A similar settlement exists in the Spanish-speaking countries of Latin America, and is called a palenque. Its inhabitants are palenqueros who speak various Spanish-African-based creole languages.

Quilombos are identified as one of three basic forms of active resistance by slaves. The other two are attempts to seize power and armed insurrections for amelioration. Typically, quilombos are a "pre-19th century phenomenon". The prevalence of the last two increased in the first half of 19th-century Brazil, which was undergoing both political transition and increased slave trade at the time.

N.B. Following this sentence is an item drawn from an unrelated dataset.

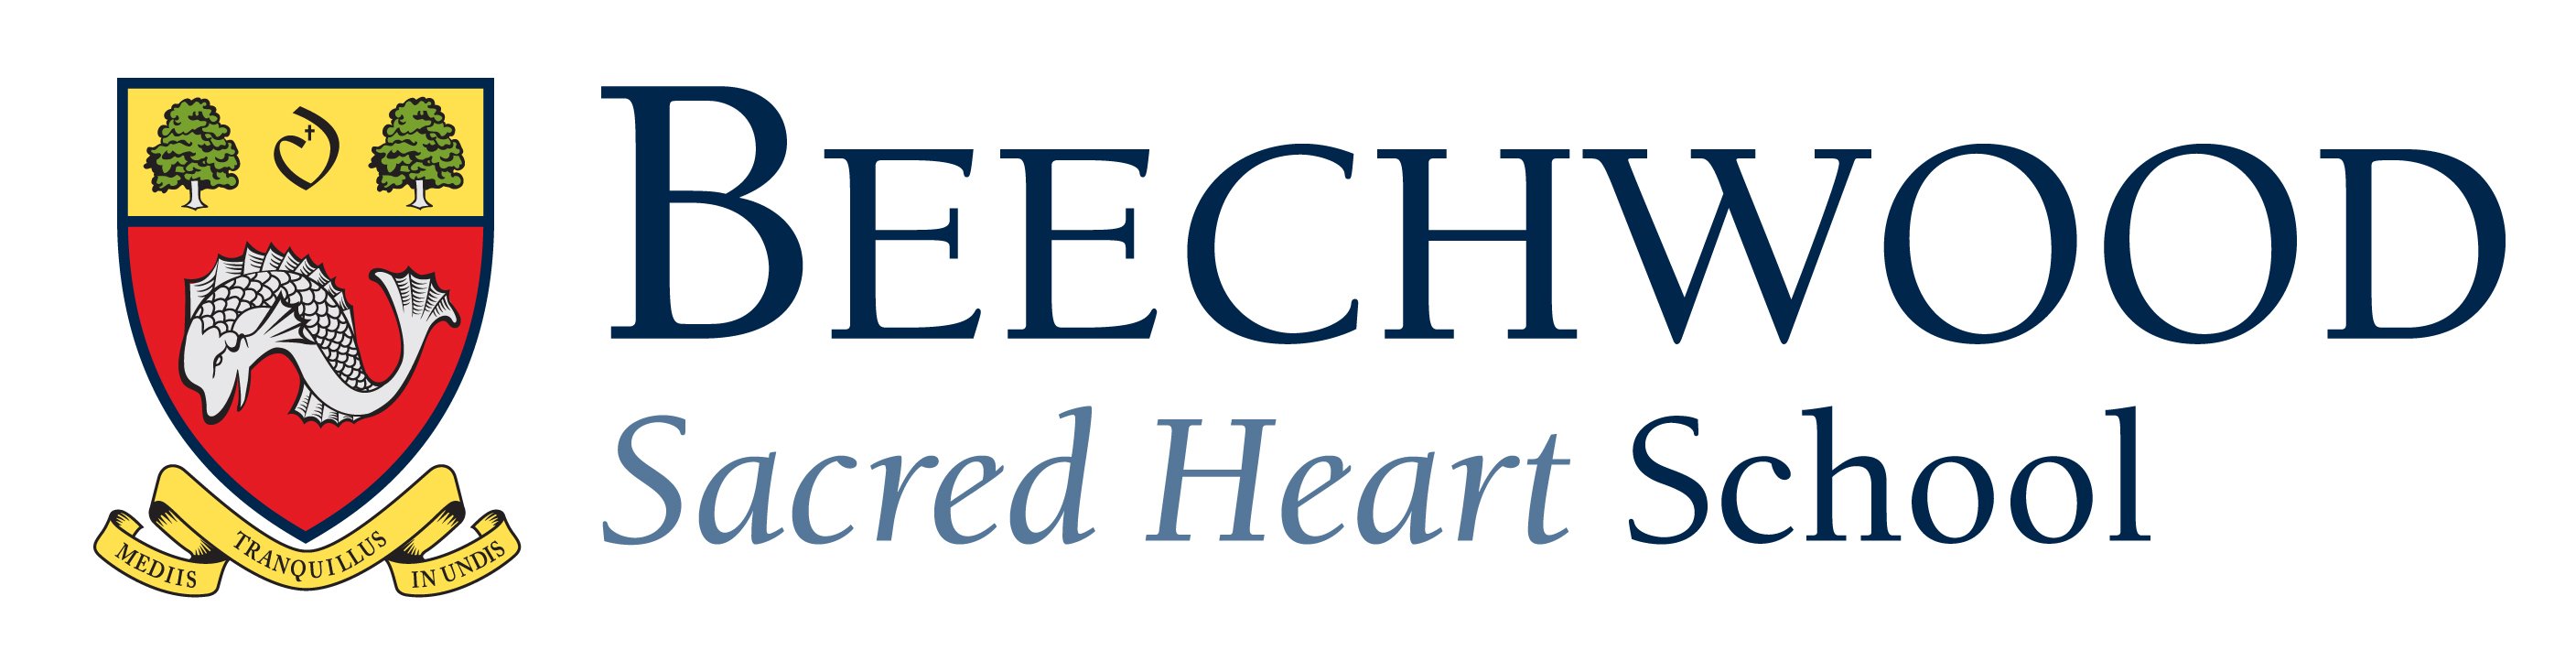 Beechwood Sacred Heart School
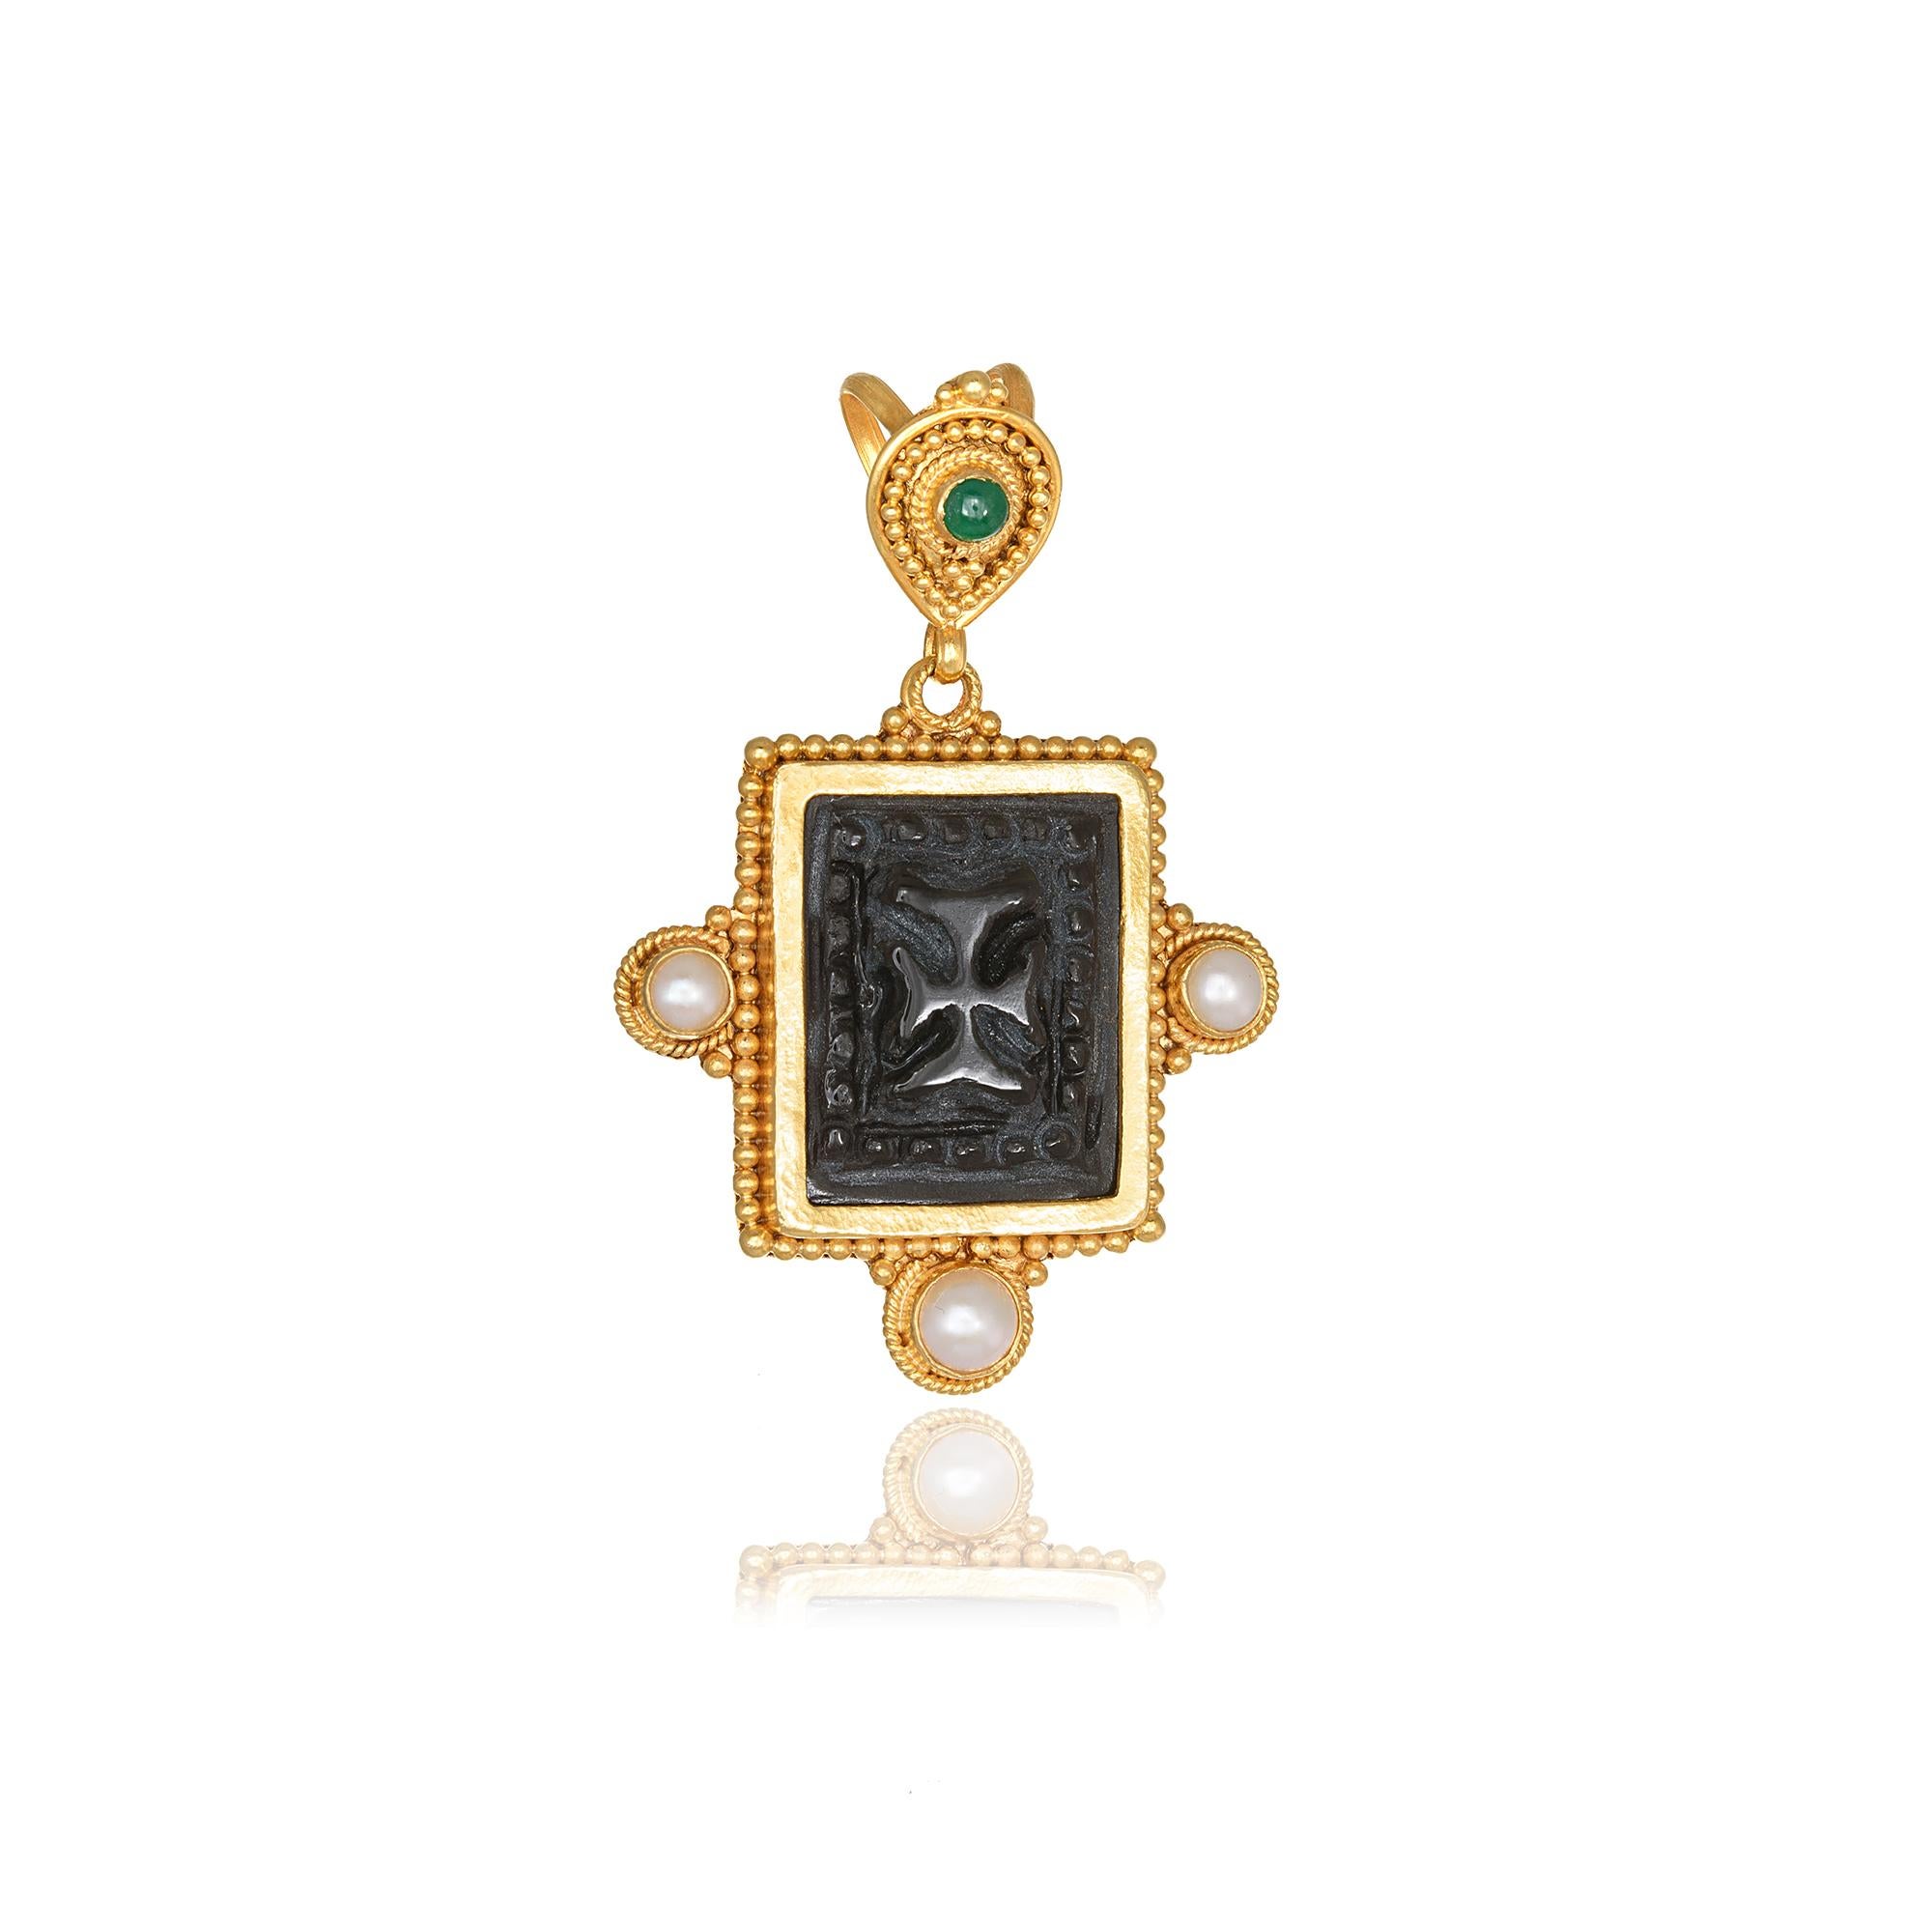 Pendentif en obsidienne avec une croix byzantine sculptée à la main, réalisé avec de la granulation en or jaune 22Kt, avec trois perles et une émeraude ronde. Ce pendentif à couper le souffle est tressé selon les techniques traditionnelles de la

A quilombola (Portuguese pronunciation: [kilõˈbɔlɐ]) is an Afro-Brazilian resident of quilombo settlements first established by escaped slaves in Brazil. They are the descendants of Afro-Brazilian slaves who escaped from slave plantations that existed in Brazil until abolition in 1888. The most famous quilombola was Zumbi and the most famous quilombo was Palmares.

Many quilombolas live in poverty.

Rio Branco Law

The Rio Branco law, also known as the Law of Free Birth, named after its champion, Prime Minister José Paranhos, Viscount of Rio Branco, was passed by the Brazilian Parliament in 1871. It was intended to provide freedom to all newborn children of slaves, and slaves of the state or crown. Slaveholders of the children's parents were to provide care for the children until the age of 21, or turn them over to the state in return for monetary compensation.

The law was the beginning of an abolition movement in Brazil, but it turned out to be more of a legal loophole than a radical measure. Only a few people were freed under the law, while more than one million people continued to be held as slaves. This law had more of an influence in the northern part of the country, which was leaning toward wage rather than slave labor.

Many of those freed under the Rio Branco law migrated to the north to work for wages on the plantations. The Rio Branco law was the first step toward abolition of slavery in Brazil. It was ultimately abolished on May 13, 1888, with the adoption of the Lei Áurea.

Valongo Wharf

The Valongo Wharf (Portuguese: Cais do Valongo) is an old dock located in the port area of Rio de Janeiro, between the current Coelho e Castro and Sacadura Cabral streets.Built in 1811, it was the site of landing and trading of enslaved Africans until 1831, with the ban on the transatlantic slave trade (but clandestine trade continued until 1888). During the twenty years of its operation, between 500 thousand and one million slaves landed at Valongo. Brazil received about 4.9 million slaves through the Atlantic trade.In 1843, the wharf was renovated for the landing of Princess Teresa Cristina of Bourbon-Two Sicilies, who was to marry the emperor D. Pedro II. The wharf was then called Cais da Imperatriz (Empress Wharf).Between 1850 and 1920, the area around the old pier became a space occupied by black slaves or freedmen of several nations - an area that Heitor dos Prazeres called Pequena África (Little Africa).